[Collected data entries]
◇ ◇ ◇ ◇ ◇ ◇ ◇
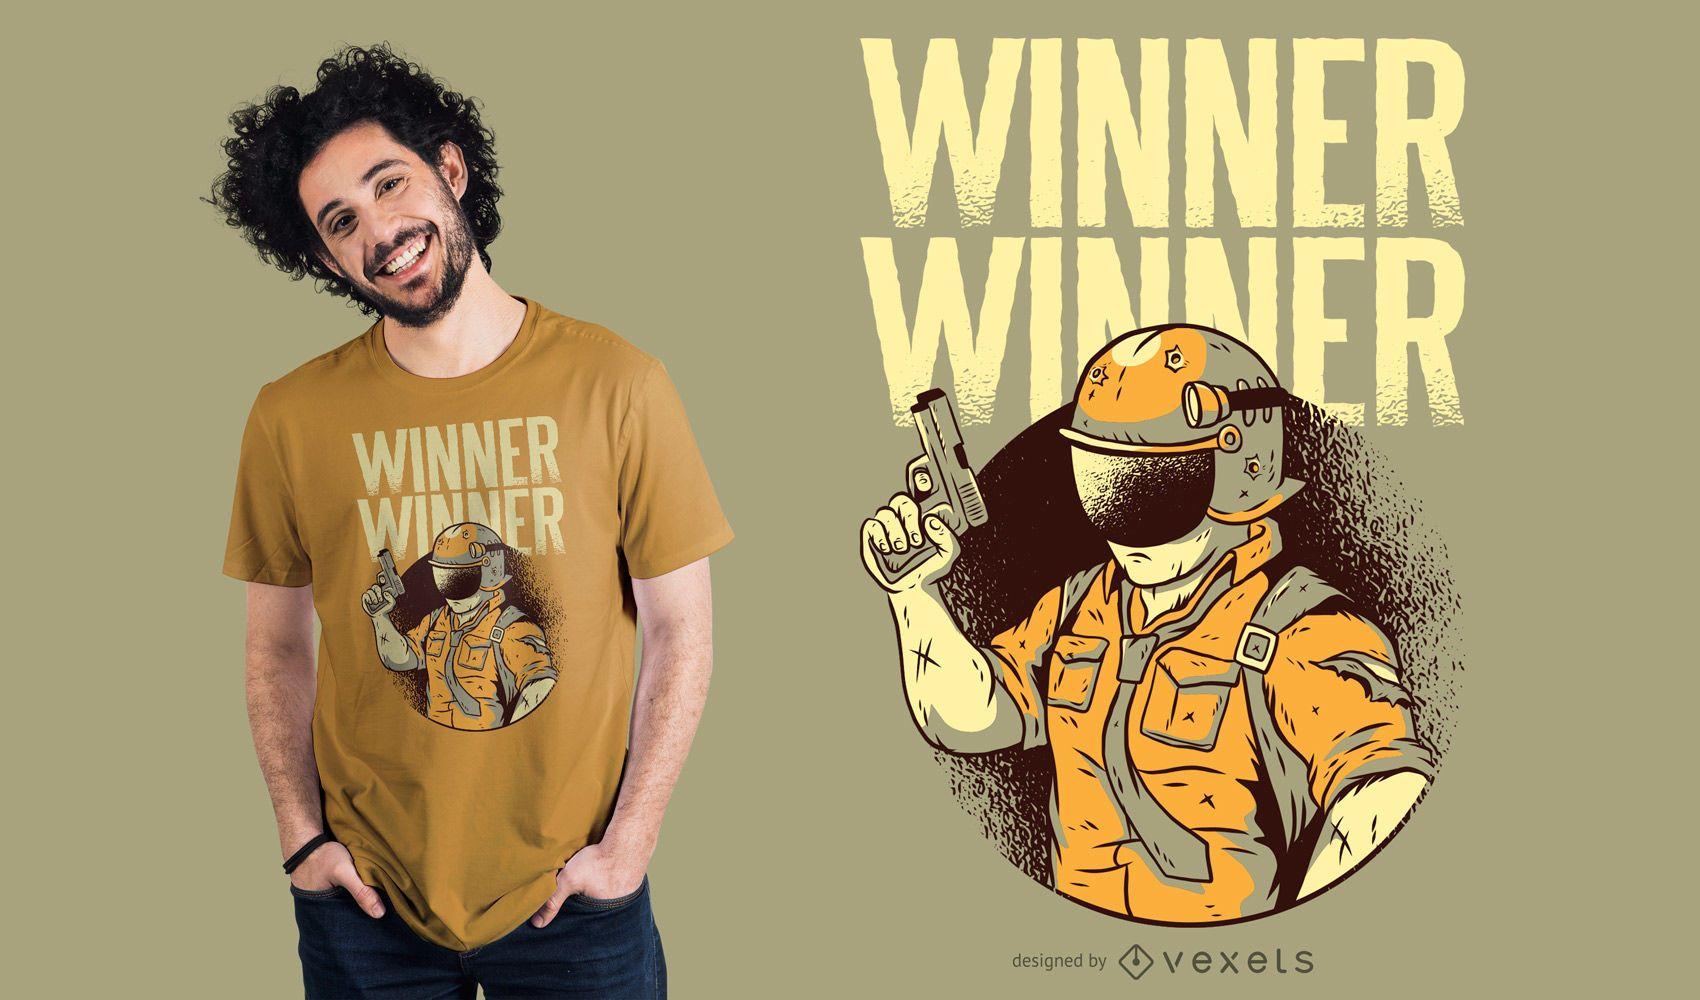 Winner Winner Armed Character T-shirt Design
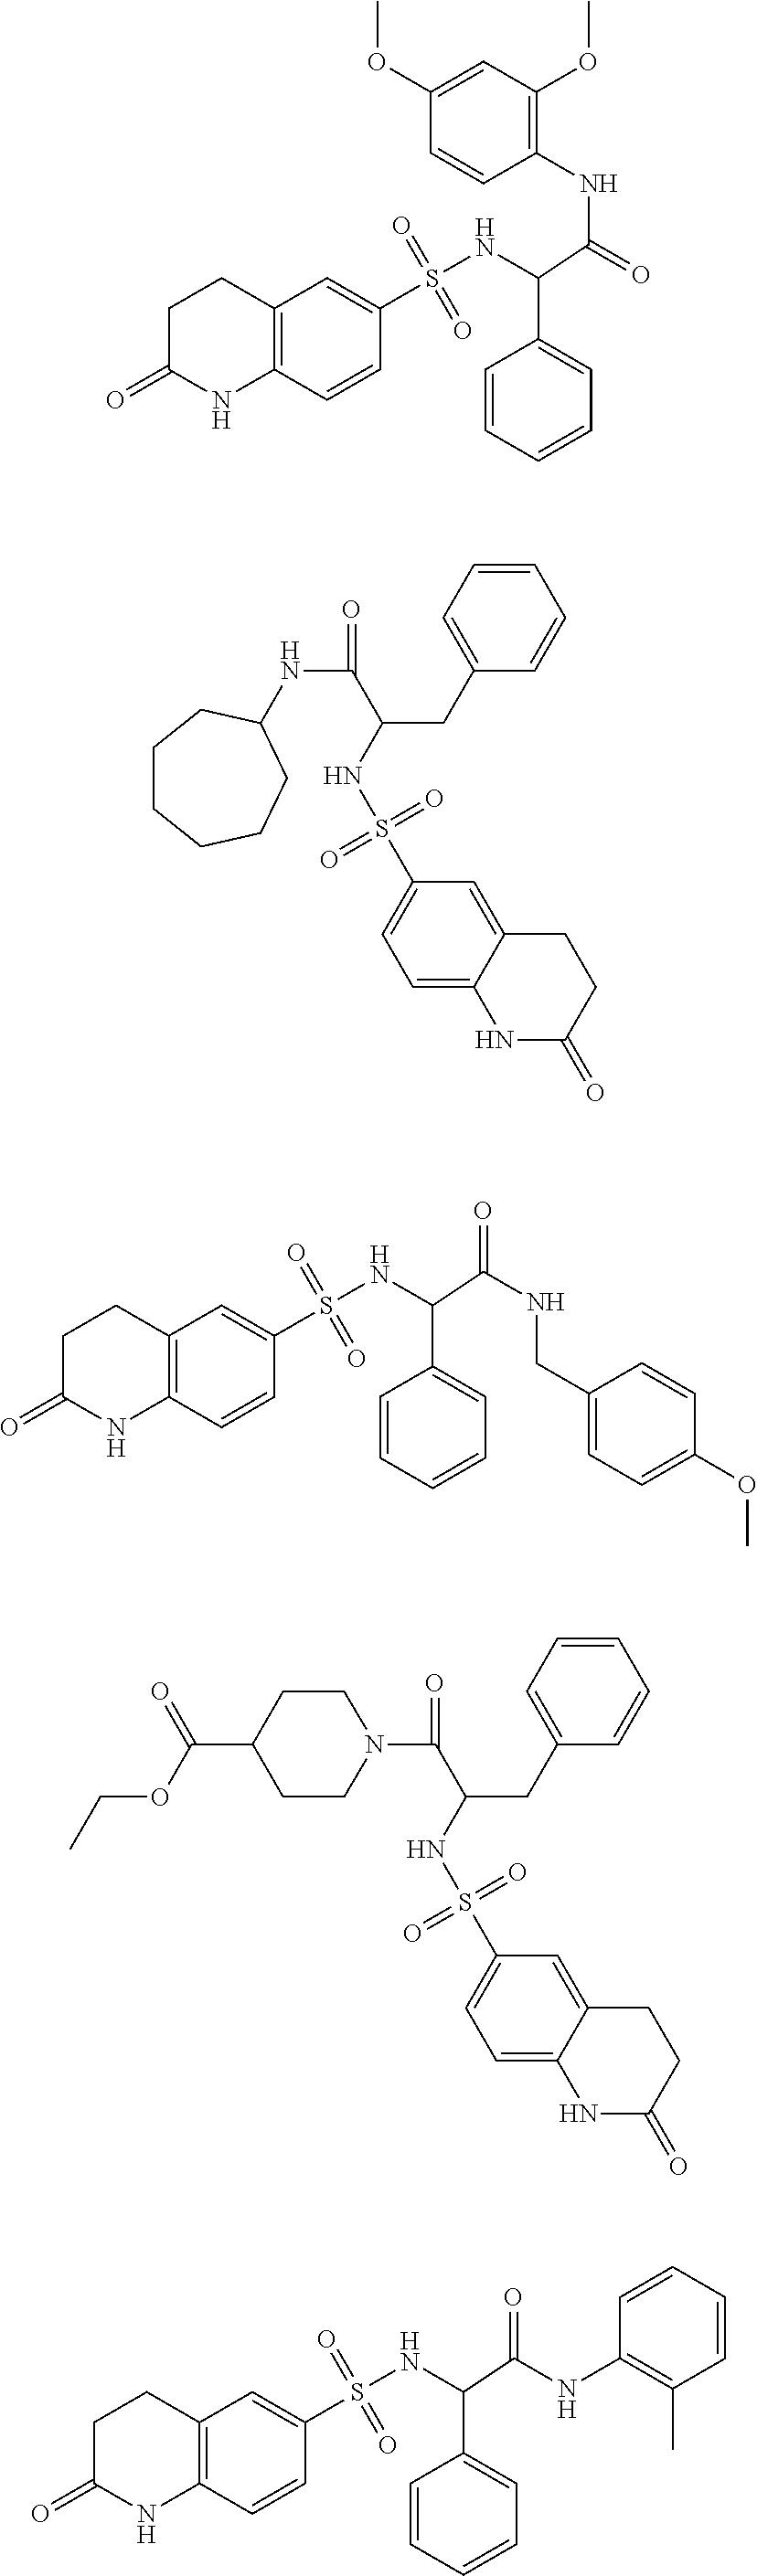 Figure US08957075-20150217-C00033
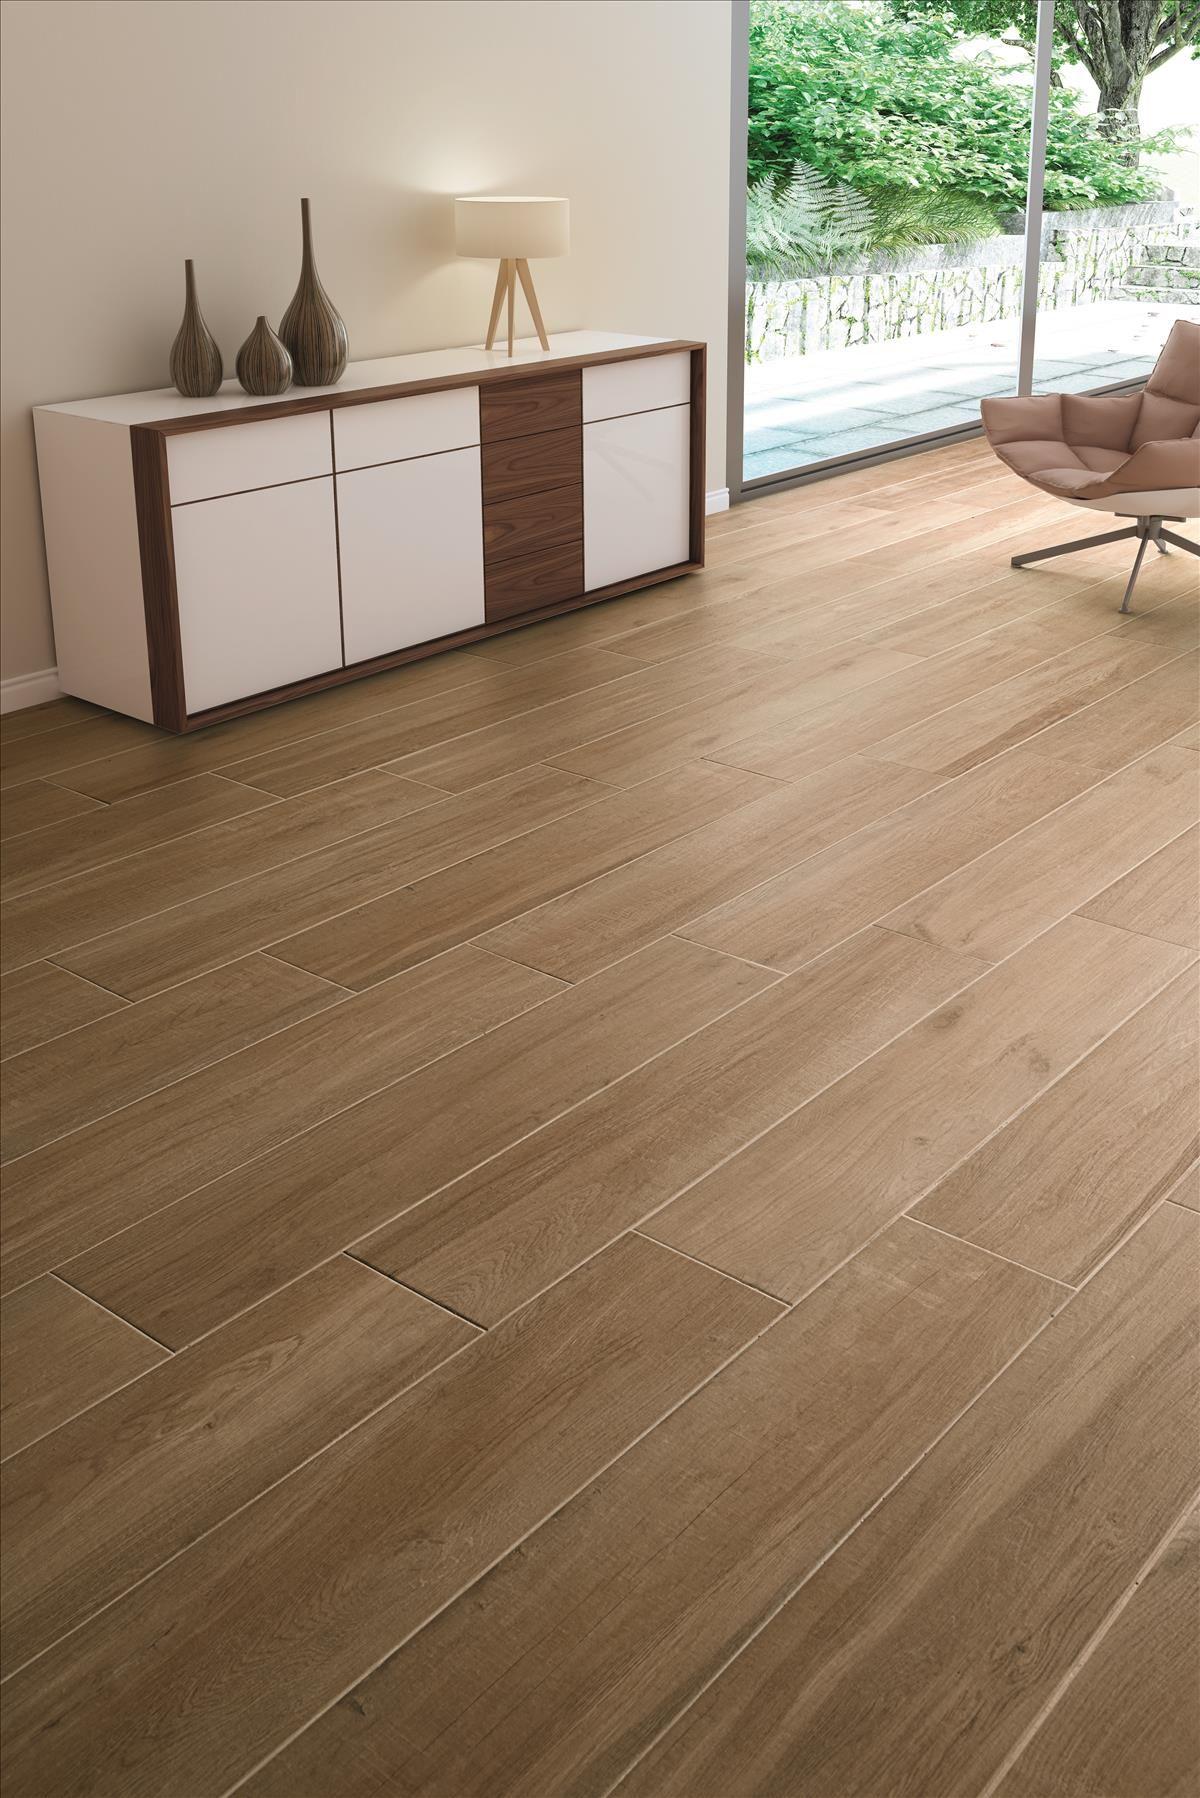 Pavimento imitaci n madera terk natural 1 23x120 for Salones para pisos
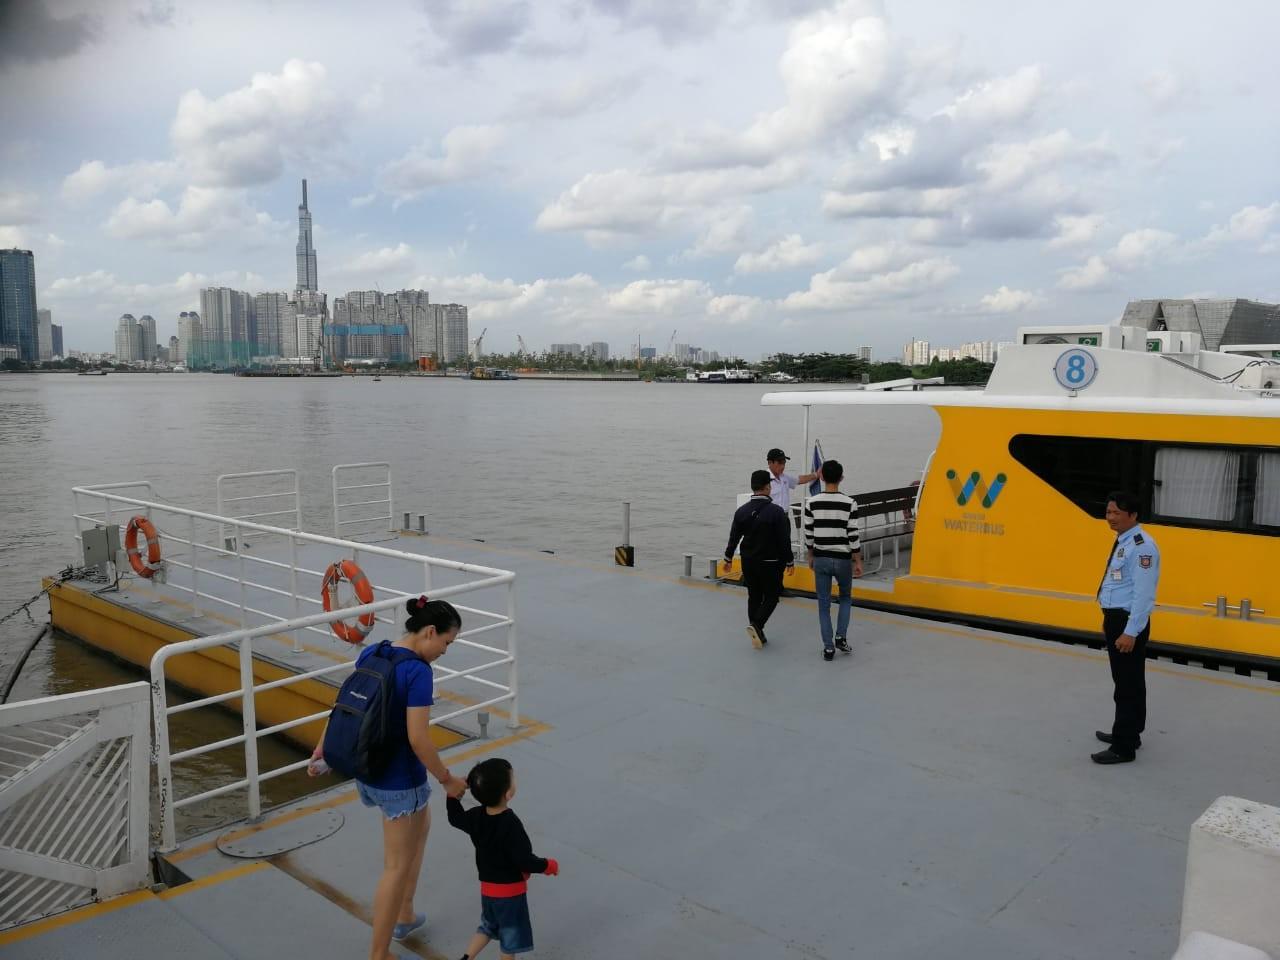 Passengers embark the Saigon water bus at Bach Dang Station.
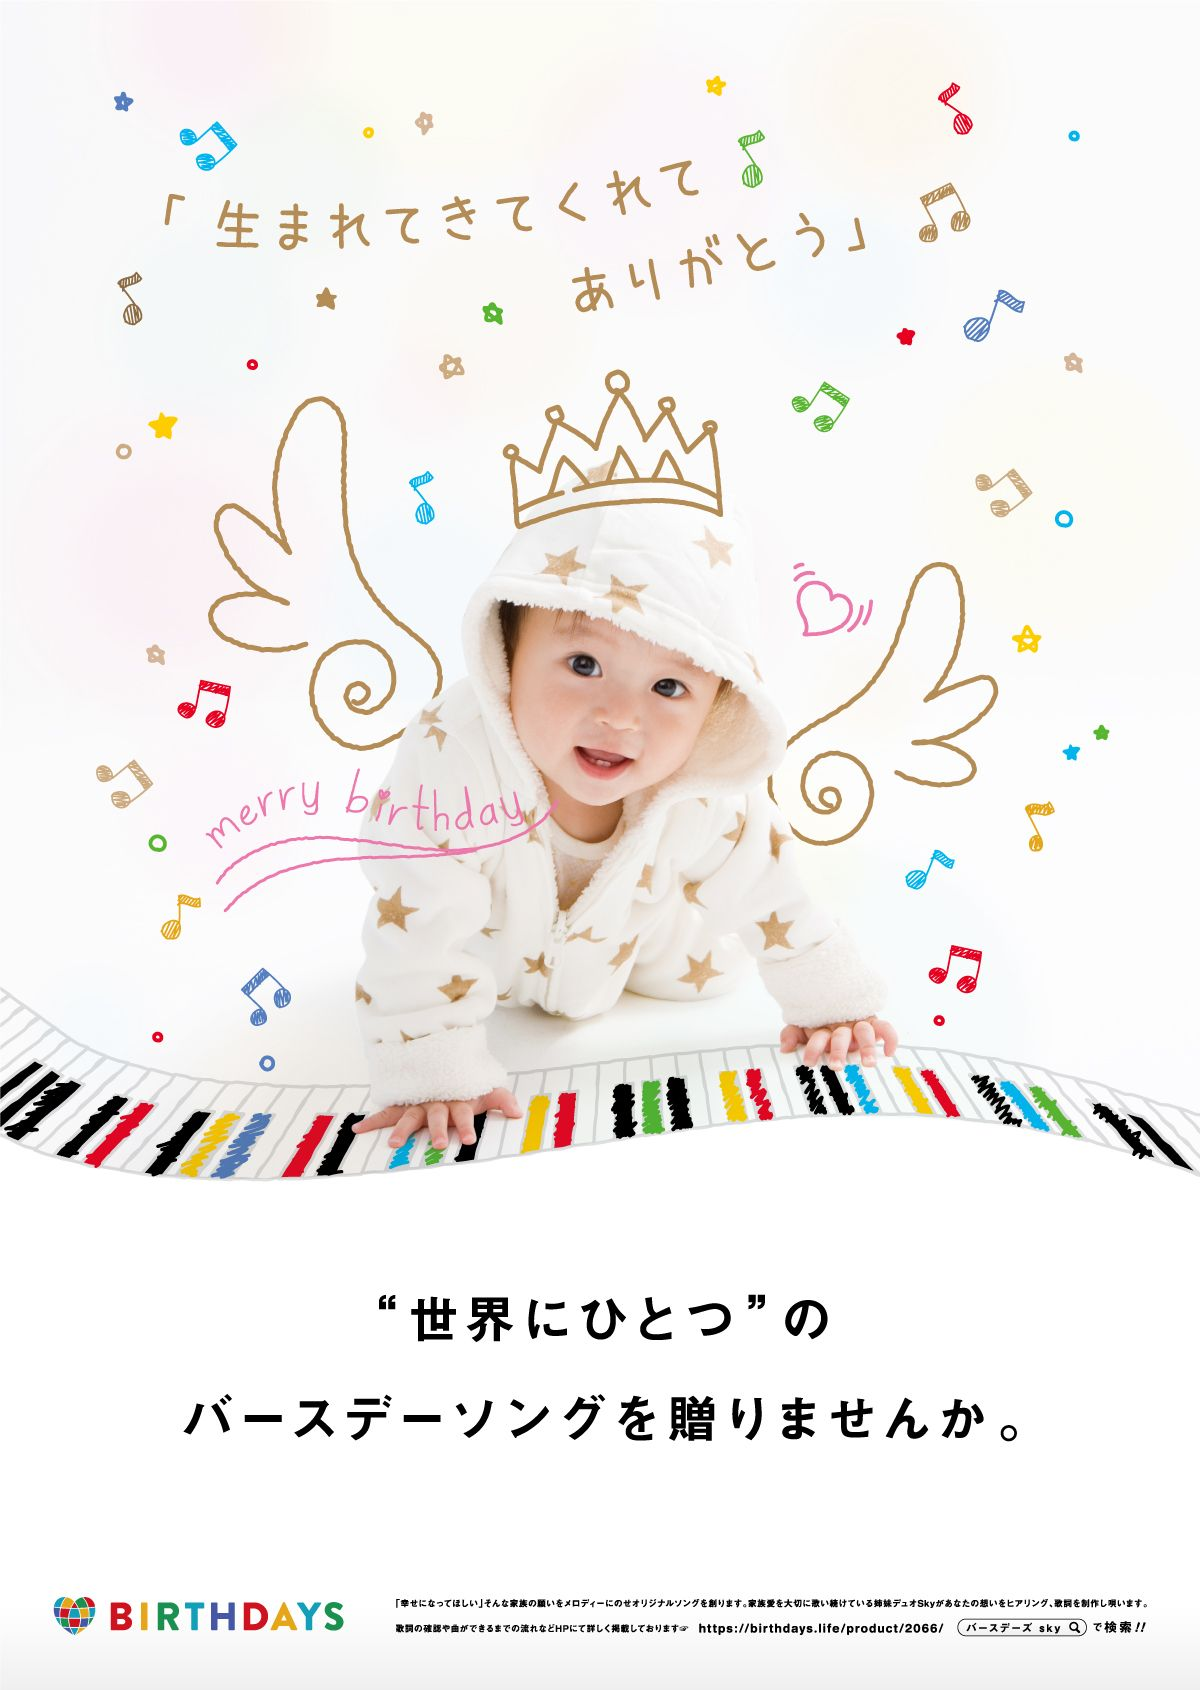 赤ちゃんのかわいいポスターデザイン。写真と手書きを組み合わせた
◇ ◇ ◇ ◇ ◇ ◇ ◇
● EXERCISE GOAL: Output the data above in full and exactly, with every image left out.

● COMPLETED EXERCISE:
 Winner Winner Armed Character T-shirt Design
 Figure US08957075-20150217-C00033
 Pavimento imitaci n madera terk natural 1 23x120 for Salones para pisos
 Passengers embark the Saigon water bus at Bach Dang Station.
 赤ちゃんのかわいいポスターデザイン。写真と手書きを組み合わせた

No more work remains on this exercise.